Past articles on URSU board meetings 

Following presentations, four motions were put to the board for vote.

The first motion was to approve a new contract for the URSU executives. Policy currently in place was considered too vague to be enforceable. The new contract outlined expectations for hours spent in office, vacation days and sick days, and benefits such as free parking passes and free health and dental. USRU members are expected to have hours during the week where they are available at school. However, these hours were supposed to be recorded on the ‘honor system,’ as no formal structure for recording hours had been implemented or proposed.

There was also discussion on what ‘available’ meant, with no definitive definition given. Also, as it currently stands, URSU executives make $13-14*(see correction below) an hour and are eligible for four courses to be paid for per semester. Luanne Drake, vice president student affairs, raised concerns about whether an executive contract should be voted on when Daniella Zemlak, vice-president of external affairs, was not present. Ultimately, however, the motion passed.
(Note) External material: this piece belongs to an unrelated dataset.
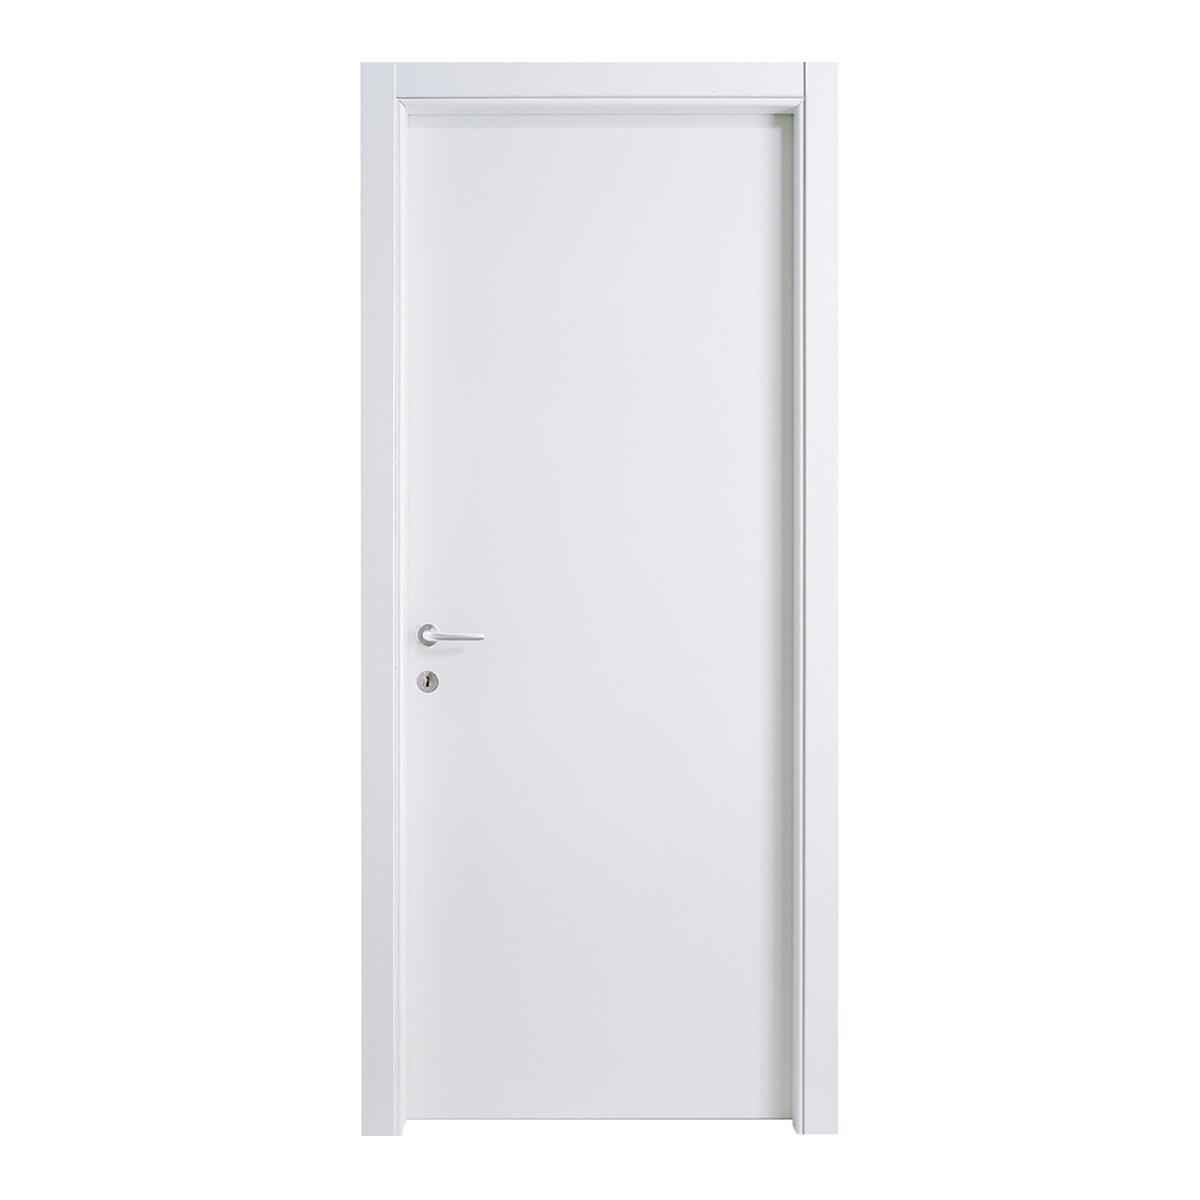 Porta a battente Vega bianco laccato L 70 x H 210 cm reversibile - 4

Next to be debated was a motion regarding the information presented on the referendum question for the U-Pass. 758 students signed a petition to start the process. Discussion centered on how long the results of the referendum would be valid. The debate was focused on how after a certain number of years the student body would have changed dramatically and, as a result, another vote would be needed to best serve the needs of students.
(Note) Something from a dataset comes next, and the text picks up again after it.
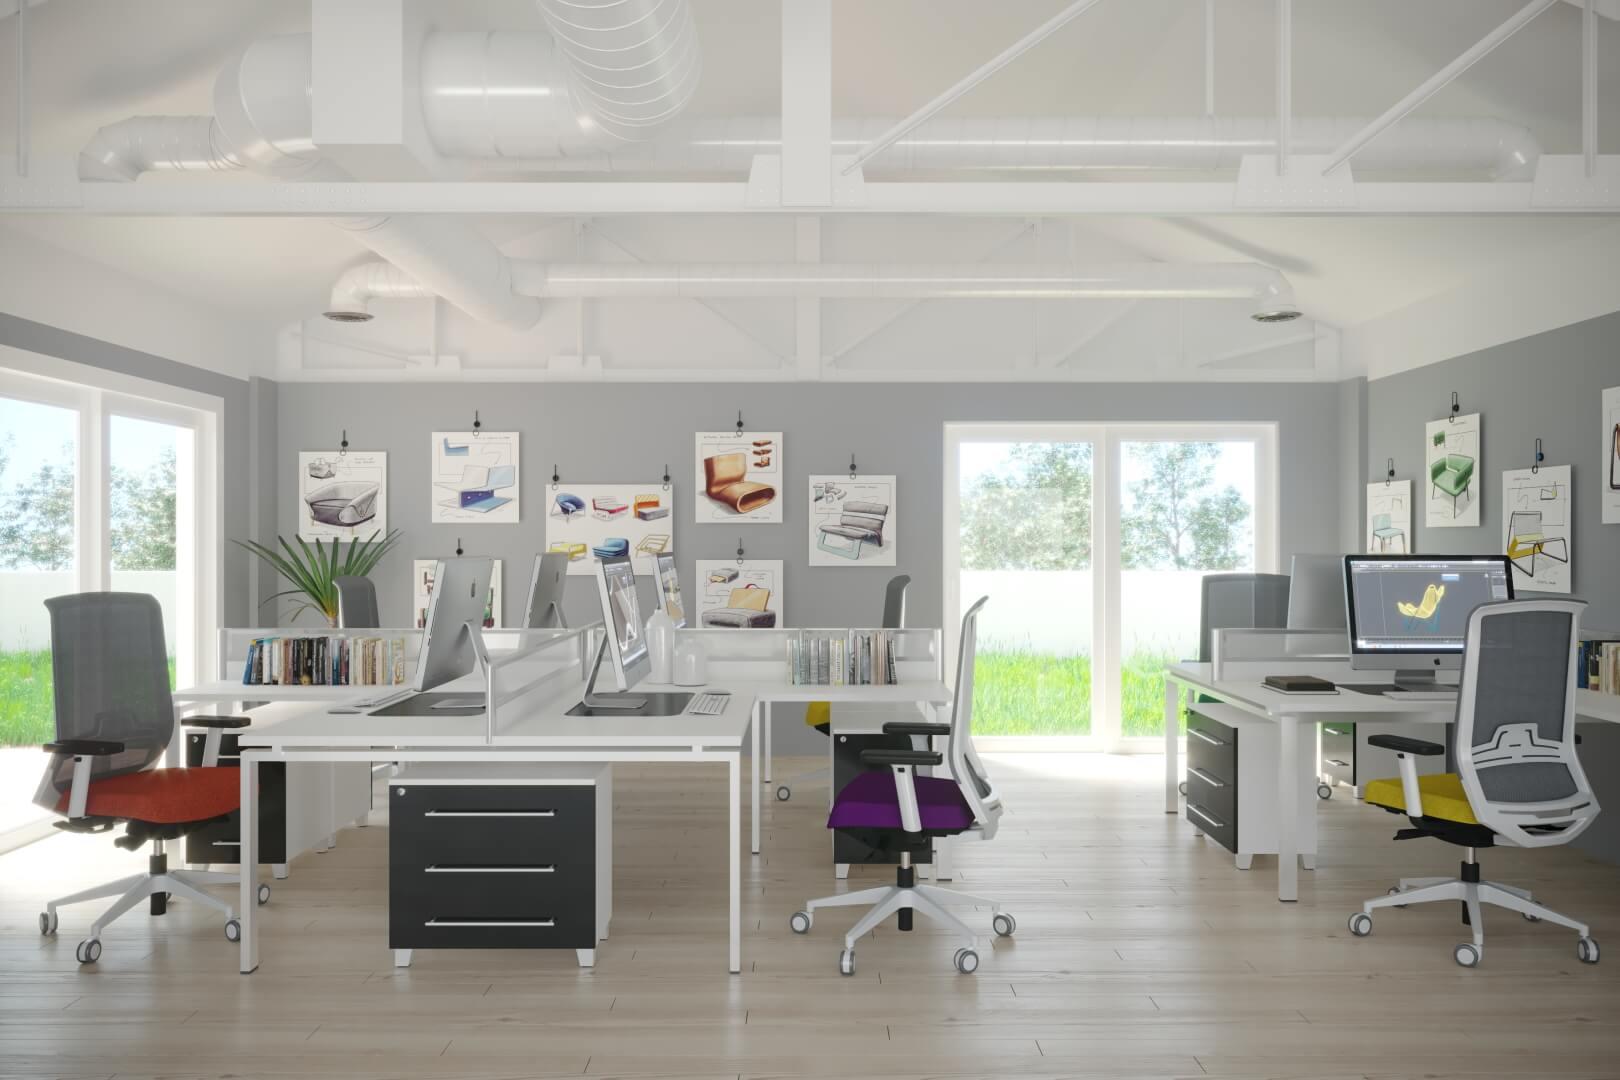 crise du secteur bureautique - covid et immobilier - rendu 3D de mobilier de bureau

Unfamiliar with the U-Pass? Check out some of our coverage 

After debate, the motion was amended to include a two-year limit on negotiations before the referendum would become invalid. Also, the price per semester would range from $70-90 as previously discussed. The board also mentioned considerations to who was exempted from the U-Pass fees. Students living in a 1 km radius from the school or outside of city limits will not have to pay. Also, para-transit will be included in the fee structure at no additional cost. The motion passed unanimously as amended.

$136,000 of URSU funding goes to the Varsity Club Athletics Board (VCAB) annually. URSU ultimately has the final say on the distribution of the funds. The third motion was to accept a proposal from VCAB for how to allocate the funds. VCAB recommended funds go towards equipment and fee space with any extra funds financing national competitions. The motion passed with one abstention.

The final motion of the night was a request to pay Randy and Lahey from the Trailer Park Boys $4800 to come to the Owl for a show on April 19. The Trailer Park Boys were the ones who originally approached URSU to perform at the Owl. It should be stated that the Boys, Bubbles, Ricky and Julian won’t be coming.

Devon Peters said, “URSU is excited to have big acts that are coming to Regina asking specifically for the Owl. We know that more shows and more activities are what students are asking for at the Owl and we are very excited to provide that.”

The motion was received with excitement from the board and passed unanimously.

After motions, the board went into an in camera portion regarding the new Extreme Pita.

The date of the next board meeting is yet to be announced.

*CORRECTION: Feb. 6, 2:26 a.m.

In a previous version of this article, we made an error where we incorrectly stated that the URSU executive makes $29 dollars an hour. In fact, they make, according to URSU President Devon Peters, about $13 dollars an hour. Their yearly wage is $29,000, so that works out. We attribute this fault to an error in editing. Apologies. The error has been corrected in the story.